Code device 7 is compared with the code device 5 of second embodiment, the difference lies in that further including approximate LSP Sequence correction portion 700.
<coding method>
Referring to Figure 22, illustrate the coding method of the 4th embodiment.Hereinafter, stressing with above-mentioned embodiment not Same point.
The approximation exported from LSP linear transformation portion 300 has been quantified LSP parameter string ^ θ by approximate LSP sequence correction portion 700 [1]app,^θ[2]app,…,^θ[p]appEach value ^ θ [i]appQuantify according to the sequence that ascending order rearranges as adjusted mean approximation LSP parameter string ^ θ ' [1]app,^θ’[2]app,…,^θ’[p]appAnd it exports.It is repaired from what approximate LSP sequence correction portion 700 exported Positive first approximation has quantified LSP parameter string ^ θ ' [1]app,^θ’[2]app,…,^θ’[p]appAs having quantified LSP parameter string ^ θ [1], [2] ^ θ ..., ^ θ [p] and be input into delay input unit 165.

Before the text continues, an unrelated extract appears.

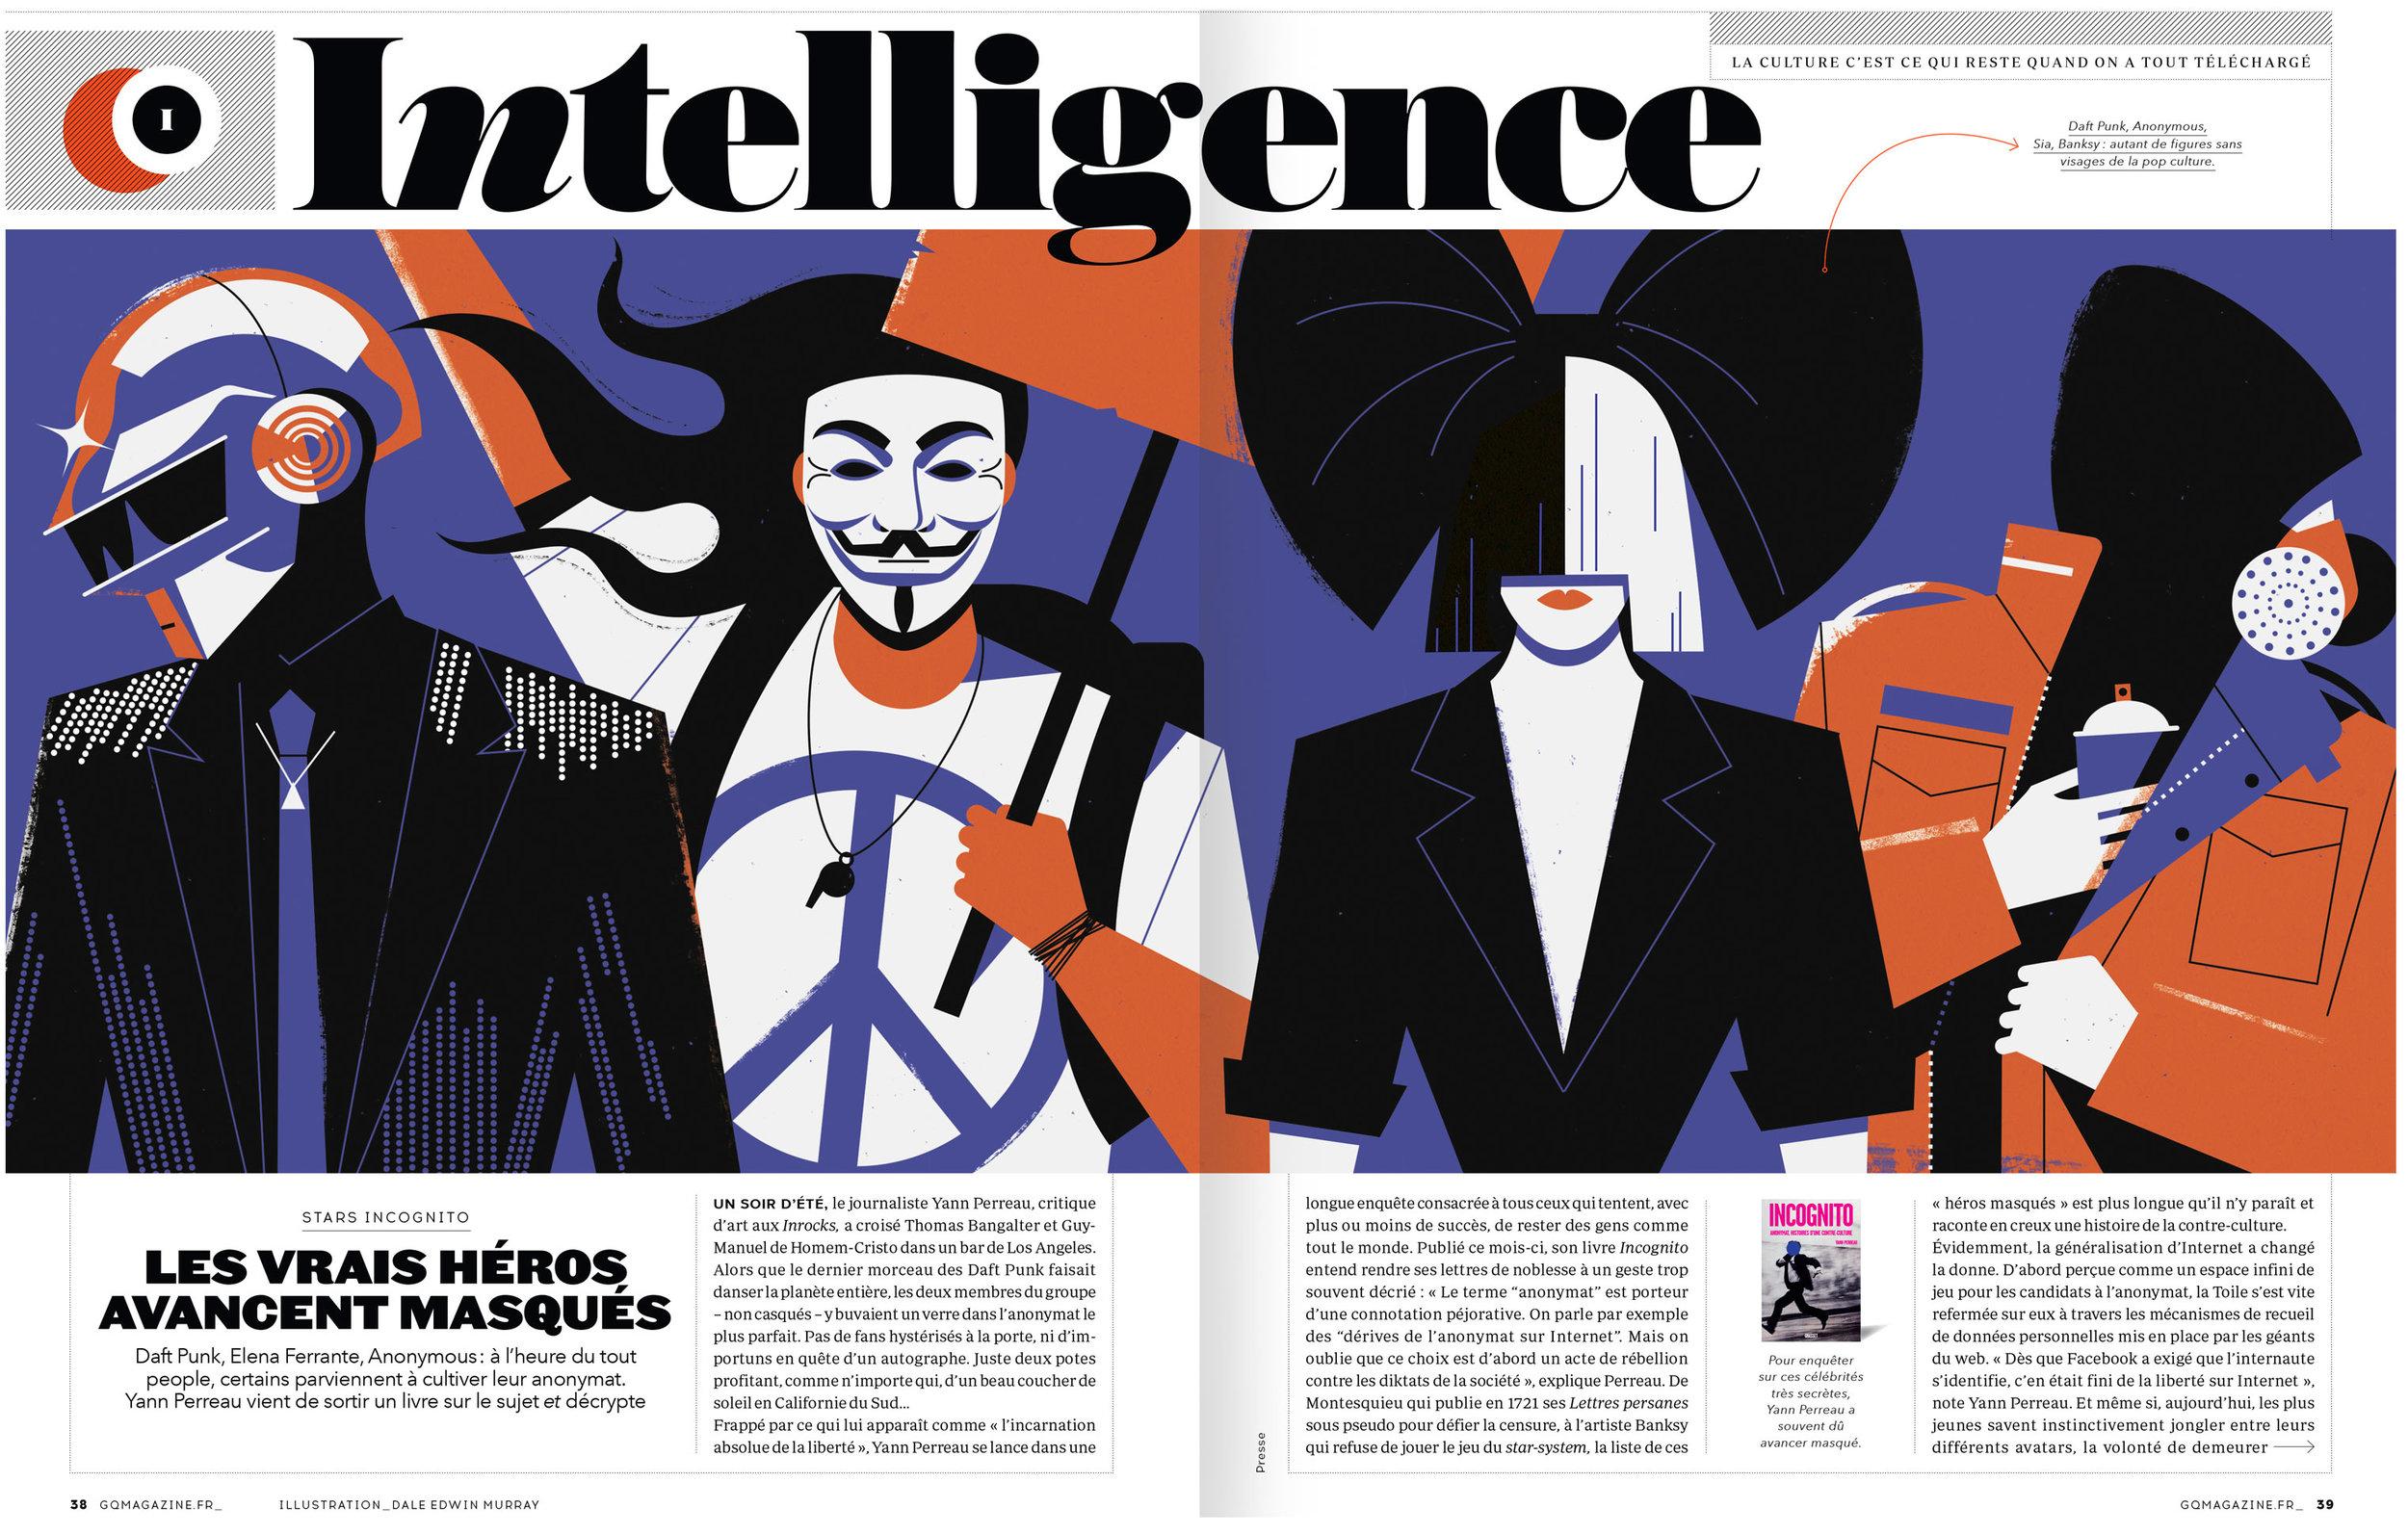 dale edwin murray freelance illustrator GQ France magazine illustration
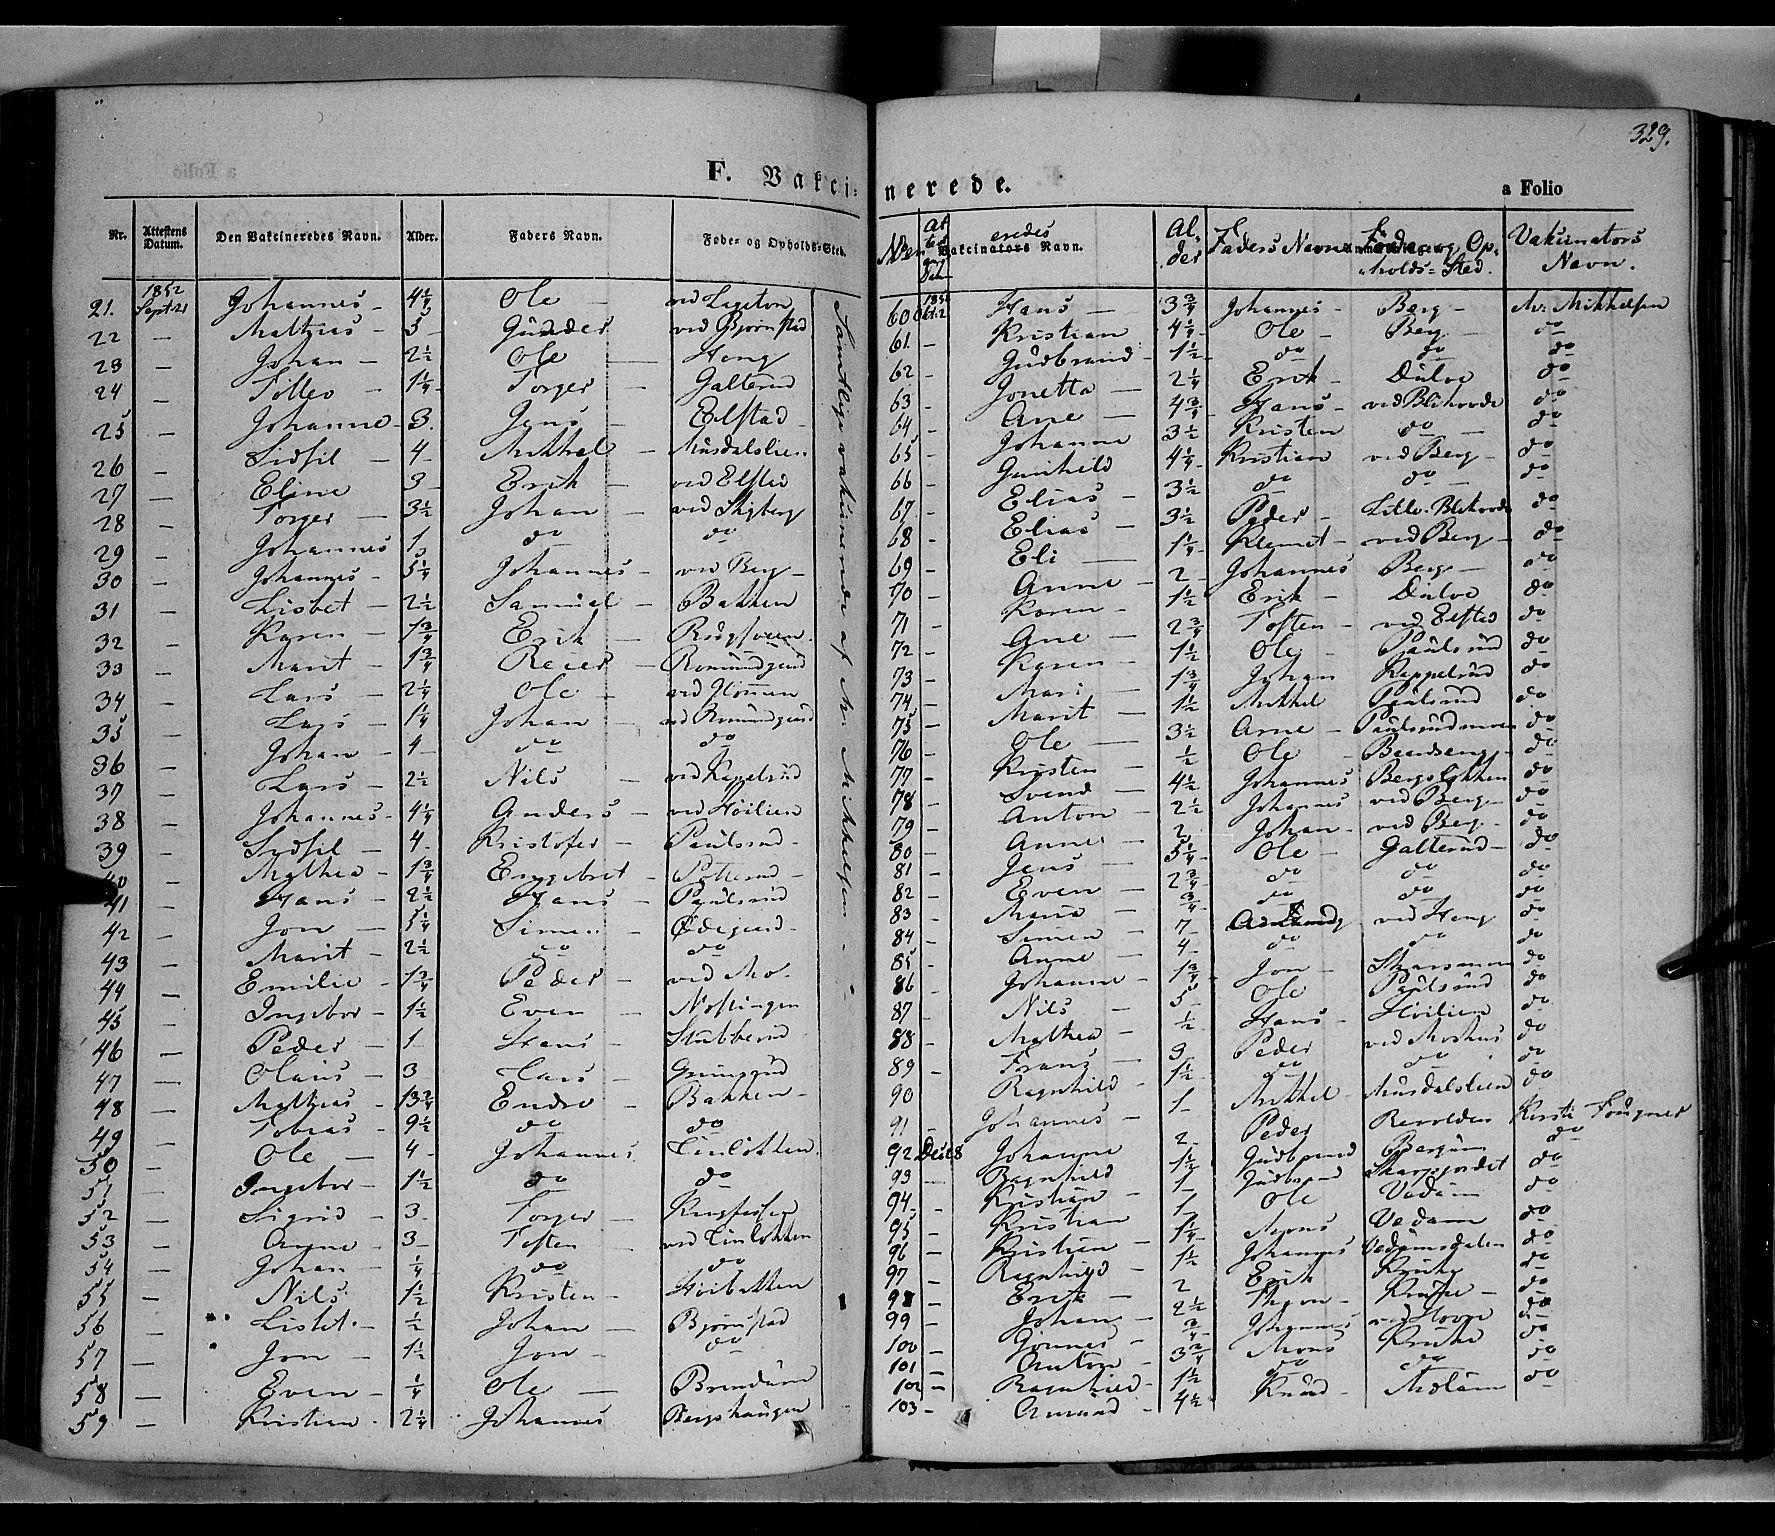 SAH, Øyer prestekontor, Ministerialbok nr. 5, 1842-1857, s. 329

In addition it is also possible to do not rearrange the approximate each value for having quantified LSP parameter string simply just, but as ^ θ ' [i]appAnd it exports to each value ^ θ [i]appThe value corrected, so that it is directed to each i=1 ..., p-1, | ^ θ [i+1]app-^θ [i]app| become defined threshold value or more.
[variation]
In the above-described embodiment, it is illustrated using LSP parameter as premise, but also can replace LSP parameter String, replaces and utilizes ISP parameter string.ISP parameter string ISP [1] ..., ISP [p] is equivalent to the LSP parameter string according to p-1 rank With the PARCOR coefficient k of p rank (most high-order)pThe sequence of composition.That is, being
ISP [i]=θ [i], wherein i=1 ..., p-1,
ISP [p]=kp
In this second embodiment, in case where the input to LSP linear transformation portion 300 is ISP parameter string, explanation Specific processing.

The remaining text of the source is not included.